| Users/Traffic | What Changes? |
|---|---|
| 100 users | Single API server handles requests; simple database; no caching needed; low latency. |
| 10,000 users | Need load balancer; multiple API servers; database read replicas; introduce caching layer (e.g., Redis); rate limiting. |
| 1,000,000 users | API servers scaled horizontally with auto-scaling; database sharding; CDN for static content; advanced caching; API gateway for routing and security; asynchronous processing for heavy tasks. |
| 100,000,000 users | Global distributed API servers; multi-region database clusters; aggressive caching and edge computing; microservices split; strict rate limiting and quota management; event-driven architecture for scalability. |
REST API design for systems in HLD - Scalability & System Analysis
At small to medium scale, the database is the first bottleneck. It struggles to handle high query rates and concurrent connections from API servers. This causes increased latency and potential downtime.

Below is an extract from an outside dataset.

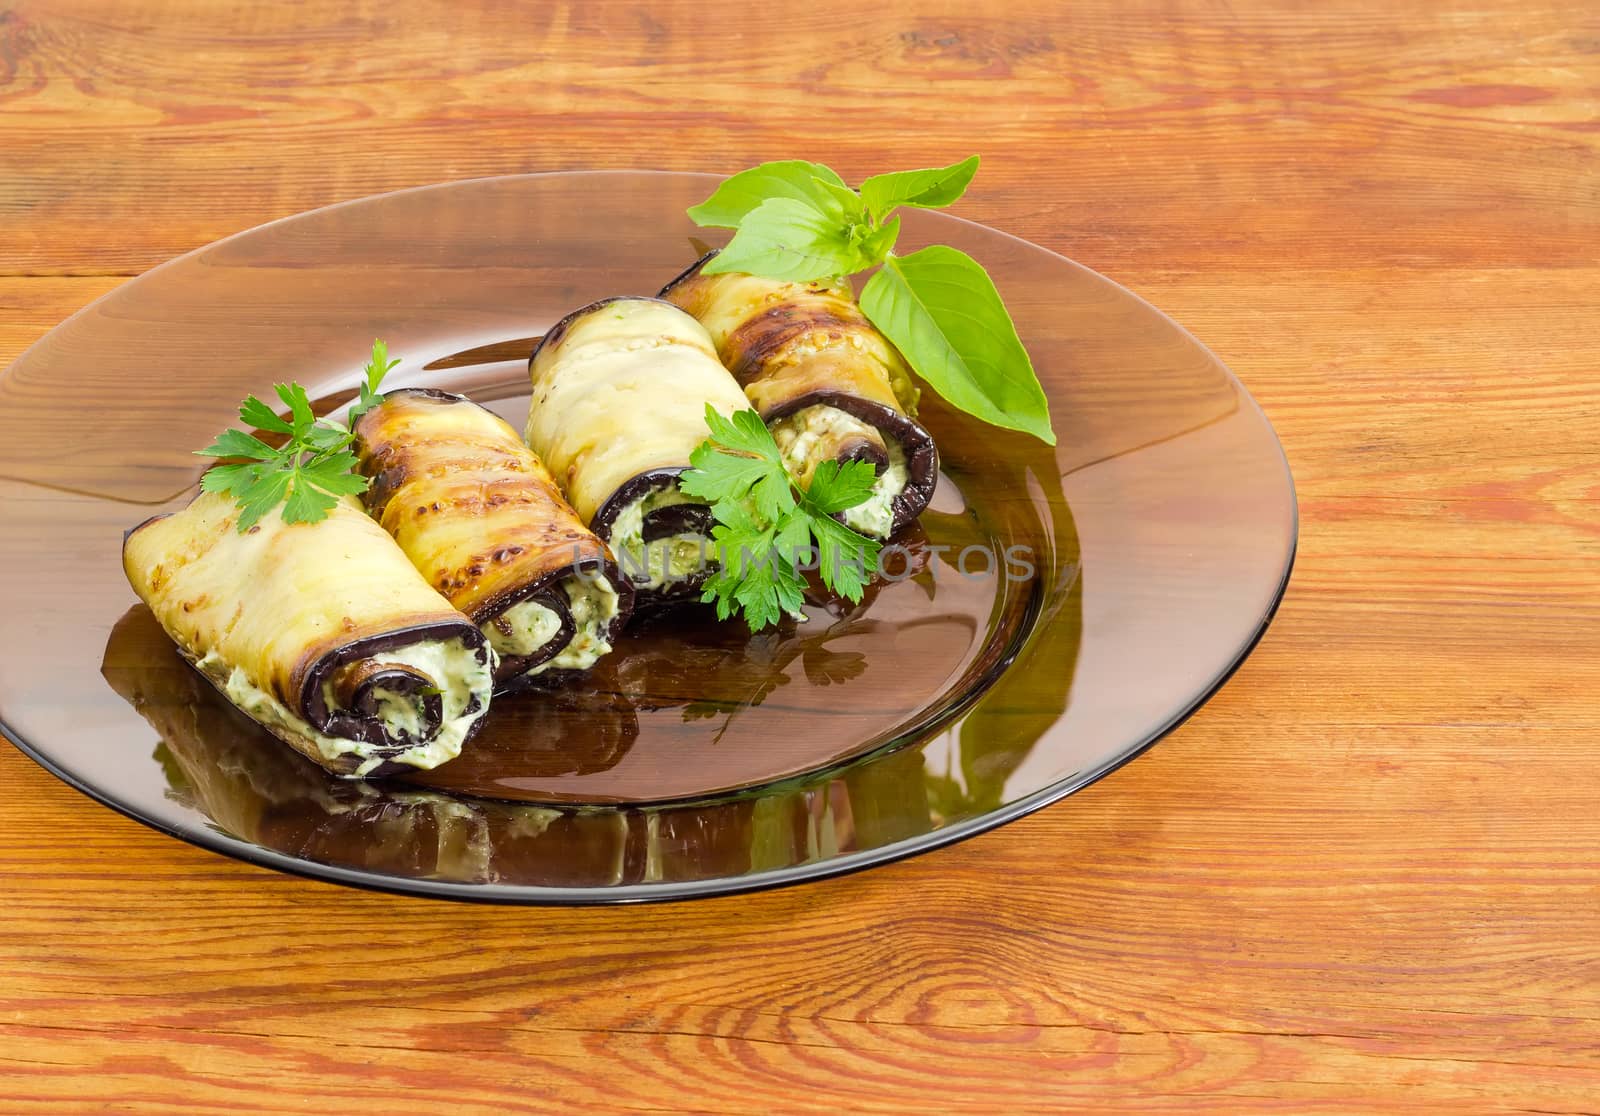 Stuffed eggplant rolls on glass dish on a wooden surface by anmbph

- Database: Use read replicas to distribute read load; implement connection pooling; shard data by user or region.
- API Servers: Scale horizontally behind a load balancer; use stateless design for easy scaling.
- Caching: Add in-memory caches (Redis/Memcached) to reduce database hits for frequent queries.
- CDN: Serve static content and cache API responses at edge locations to reduce latency.
- API Gateway: Manage routing, authentication, rate limiting, and monitoring centrally.
- Asynchronous Processing: Offload heavy or long-running tasks to background workers or message queues.
- At 10,000 users, expect ~1000 QPS (requests per second) assuming 1 request per user per 10 seconds.
- Database needs to handle ~1000 QPS; a single PostgreSQL instance can handle up to ~5000 QPS, so read replicas help.
- API servers: each can handle ~2000 concurrent connections; 3-5 servers recommended for redundancy and load.
- Bandwidth: 1 Gbps network (~125 MB/s) sufficient for typical JSON payloads under 1 KB at 1000 QPS.
- Storage: depends on data retention; for 1 million users, expect tens to hundreds of GBs of data monthly.
Start by clarifying API usage patterns and expected traffic. Identify the main components: API servers, database, caching, and network. Discuss bottlenecks in order: database first, then servers, then network. Propose scaling solutions step-by-step with reasons. Mention trade-offs like consistency vs availability. Keep answers structured and focused.
Your database handles 1000 QPS. Traffic grows 10x to 10,000 QPS. What do you do first?
Answer: Add read replicas to distribute read queries and reduce load on the primary database. Also, implement caching to reduce database hits. This addresses the database bottleneck before scaling API servers.